What is it?
The equation for linear regression is :
\[y=\alpha_0+\alpha_1x_1+\alpha_2x_2+.....+\alpha_nx_n+\epsilon\]where :
- $y$ is the dependent variable, the variable we are trying to predict
- $x_i$ is the independent variable, the features our model is trying to use
- $\alpha_i$ is the coefficient (or weights) of our linear regression, they are what we are learning essentially
- $\epsilon$ is the error in our model
What we mainly try to do is try to fit the model. By fitting we mean, we need to find the set of coefficients that will form the best predictions for $y$, closest to the actual values. Finally it will be as easy as just plugging in the values of $x_i$ in the equation below to find your prediction
\[\hat{y}=\hat{\alpha_0}+\hat{\alpha_1x_1}+\hat{\alpha_2x_2}+....+\hat{\alpha_nx_n}\]Assumptions of Regression Models
While making a regression model, one must always keep in mind the 4 rules that are assumed to be true before we move on to make the model!
Linear Relationship
The fundamental principle of multiple linear regression is that there is a linear relationship between the dependent (outcome) variable and the independent variables. This linearity can be visually assessed using scatterplots, which should indicate a straight-line relationship rather than a curvilinear one.
Edit: However, it is essential to clarify that while the relationship between the dependent and independent variables must be linear in terms of the coefficients, this does not preclude the need for transformations if the raw data exhibits non-linear patterns. It is specifically the relationship between the dependent variable and the model parameters, and not necessarily to the raw data itself.
Multivariate Normality
The analysis presumes that the residuals (the differences between observed and predicted values) follow a normal distribution.

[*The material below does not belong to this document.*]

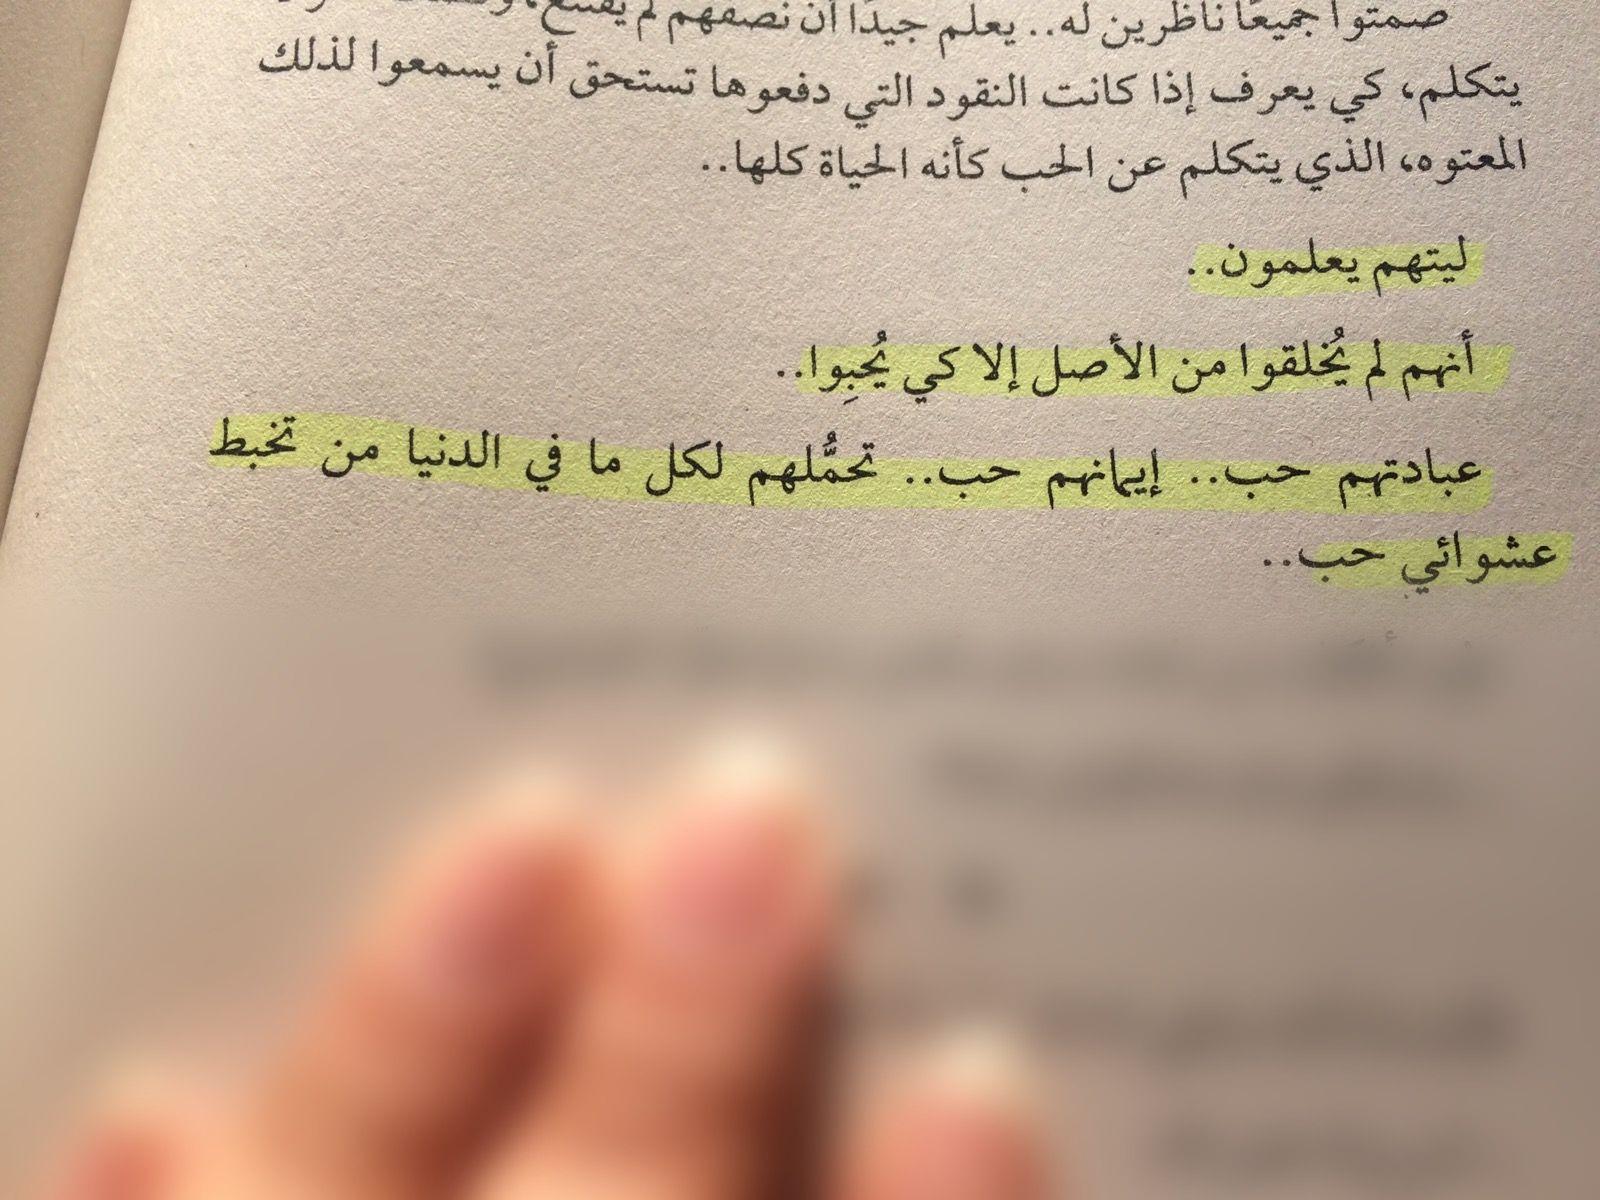 من رواية هيبتا محم د صادق Arabic Quotes Quotations Book Quotes
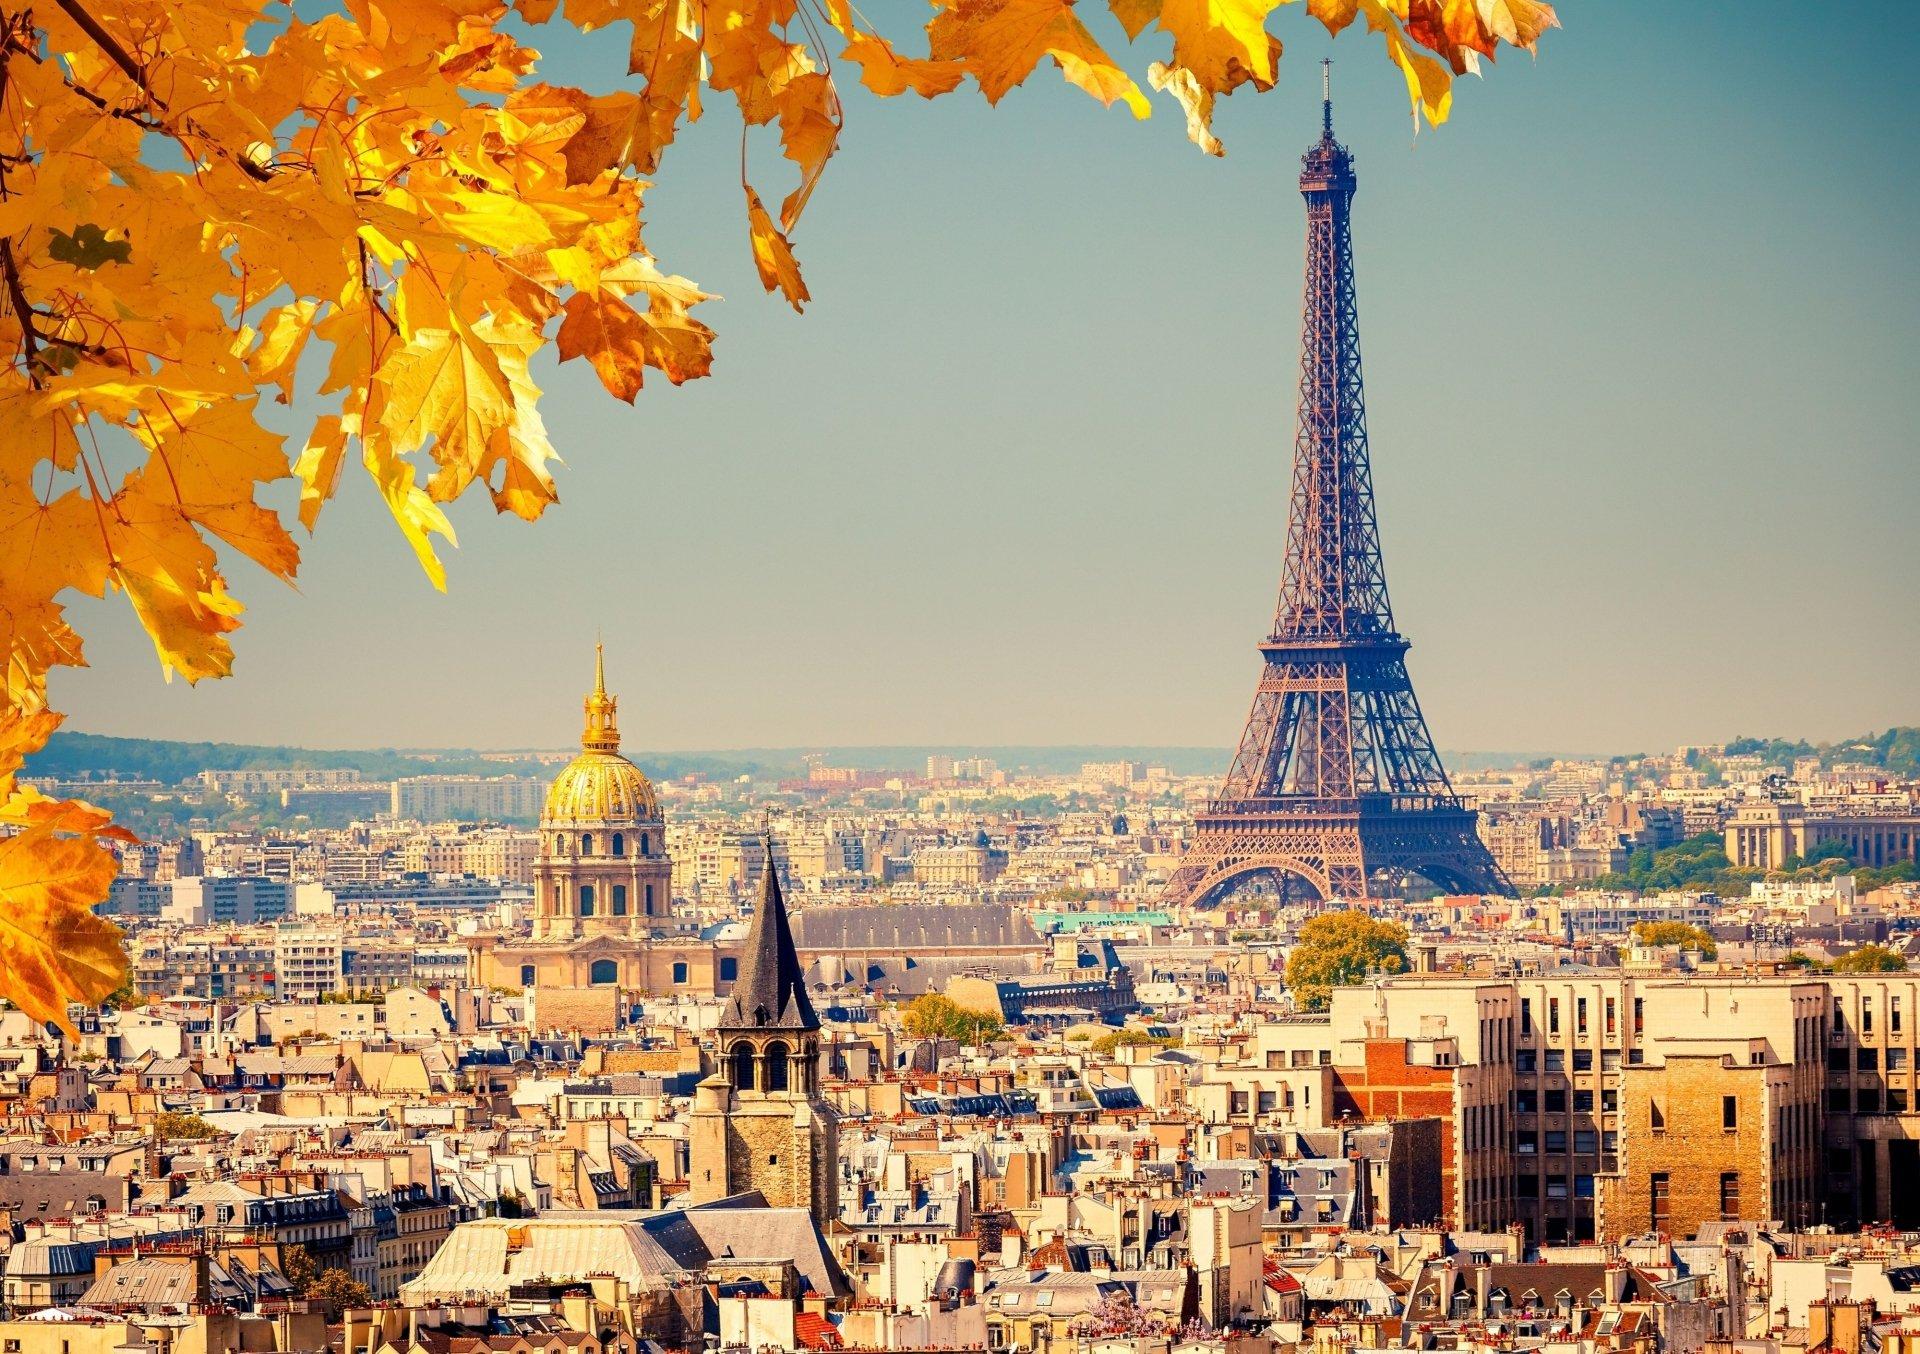 Man Made - Eiffel Tower  Paris France Foliage Wallpaper

This assumption can be evaluated by inspecting histograms or Q-Q plots of the residuals, or through statistical tests like the Kolmogorov-Smirnov test.
Absence of Multicollinearity
It is crucial that the independent variables are not excessively correlated with one another, a situation referred to as multicollinearity. This can be assessed using:
- Correlation Matrices: Ideally, correlation coefficients should be below 0.80.
- Variance Inflation Factor (VIF): VIF values exceeding 10 suggest significant multicollinearity. Potential solutions include centering the data (subtracting the mean from each observation) or removing the variables contributing to multicollinearity.
Homoscedasticity
The variance of error terms (residuals) should remain consistent across all levels of the independent variables. A scatterplot of residuals against predicted values should not reveal any identifiable patterns, such as a cone-shaped distribution, which would indicate heteroscedasticity. To address heteroscedasticity, one might consider data transformation or incorporating a quadratic term into the model.
What happens if any one assumption fails?
Don’t worry, your main task to make a model that closely mimics the original data. If your model fails to do that, then closely see which assumption is failing and try to address it. Maybe try to add new data, augment some data, and try out different techniques such that your assumptions work out!
Extra Info : Slope and Intercepts
In the world of regression analysis, the slope is like the crystal ball of your equation. It tells you how much your dependent variable ($y$) is likely to change when your independent variable ($x$) increases. It can be found out by the below two formulas :
\[m = \frac{\sum_{i=1}^n (x_i - \bar{x})(y_i - \bar{y})}{\sum_{i=1}^n (x_i - \bar{x})^2}\] \[m = r \cdot \frac{S_y}{S_x}\]in the second formula, $r$ is the correlation co-efficient. $S_y$ and $S_x$ is the standard deviation of $x$ and $y$, and $r$ can be calculated as
\[r = \frac{1}{n-1} \sum_{i=1}^n \left(\frac{x_i - \bar{x}}{s_x}\right)\left(\frac{y_i - \bar{y}}{s_y}\right)\]In the world of regression analysis, the y-intercept is like the starting point of our story. Mathematically speaking, it’s the point where our regression line crosses the y-axis. In other words, it’s the value of $y$ when $x$ is zero. Here $m$ is the slope and $b$ is the y-intercept (note: the text incorrectly labels $m$ as slope in the first equation below, which is a repeat of the slope formula).
\[m = \frac{\sum_{i=1}^n (x_i - \bar{x})(y_i - \bar{y})}{\sum_{i=1}^n (x_i - \bar{x})^2}\] \[b = \bar{y} - m\bar{x}\]How does it work?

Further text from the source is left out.